The stark reality is that worldwide, ITSM maturity has been minimised because ITSM tools provide ITIL processes alone. For IT support, lack of focus, misfocus, and consequent weak outcomes have been maximised.

​​The missing sub-processes, all being optional Flow Management capabilities with an associated AP status, are:
 

  • SLA Breach Prevention (available to basic AP). In standard practice Incident and Request Management, absence of a ticket management process through Activity Prioritisation means focus is not drawn to impending service level target breaches.

  • User Escalation (Chase) Management.

  • Coordinated Customer Contact (appointments). Many staff in almost any organisation are often not at their computer, so the ability to coordinate support is vital. With communication prone to failure at both ends, absence of coordinated customer contact is a substantial operational shortcoming that leads to tickets being chased but often falling to the same communication failure.

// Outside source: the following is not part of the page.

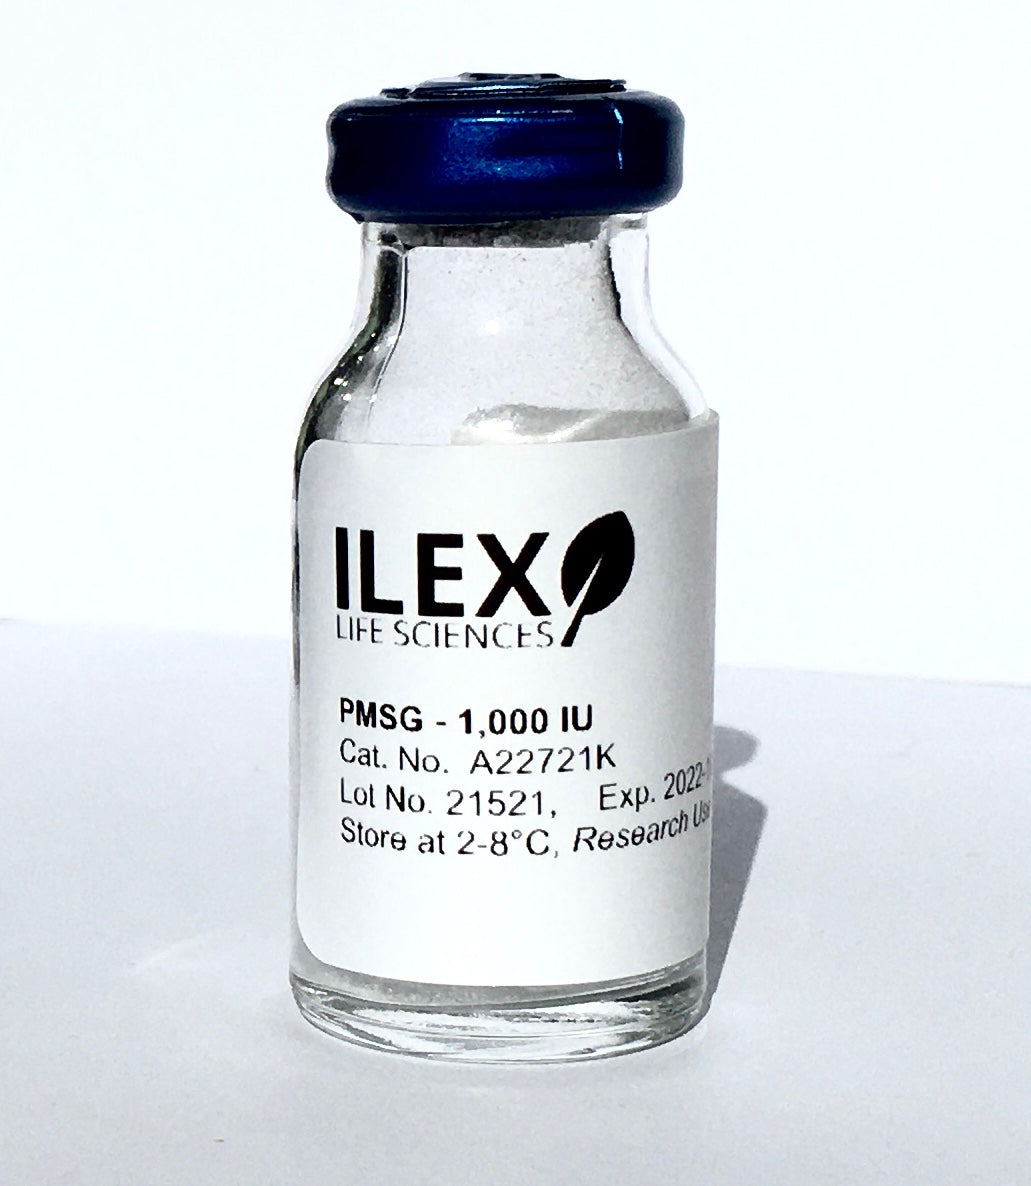 Ilex Life Sciences Pregnant Mare Serum Gonadotropin (PMSG/eCG), 1000 IU

  • Service Desk Reinvolvement and Learning. New Service Desk team members inevitably make ticket assignment mistakes where either the wrong team is selected, or captured information is inadequate for the resolver team to be able to proceed with support. Without a process to handle these occurences, receiving teams either reluctantly absorb the mistake or "bounce" the ticket back to the Service Desk where typically it either takes hours to be picked up, or if assigned to an individual, might not be noticed at all, causing long periods of delay or inertia.

    As an AP integrated sub-process, Service Desk Reinvolvement and Learning prompts for a reason explaining why the ticket is being "rejected" back to the Service Desk, enabling upper support teams to help their Service Desk co-workers who are informed of the reason for their mistake, improving inter-team relations and helping prevent future occurence. The "Rejected" status has a high level of status priority, i.e., a short progression threshold period, ensuring tickets in this situation are quickly progressed onwards.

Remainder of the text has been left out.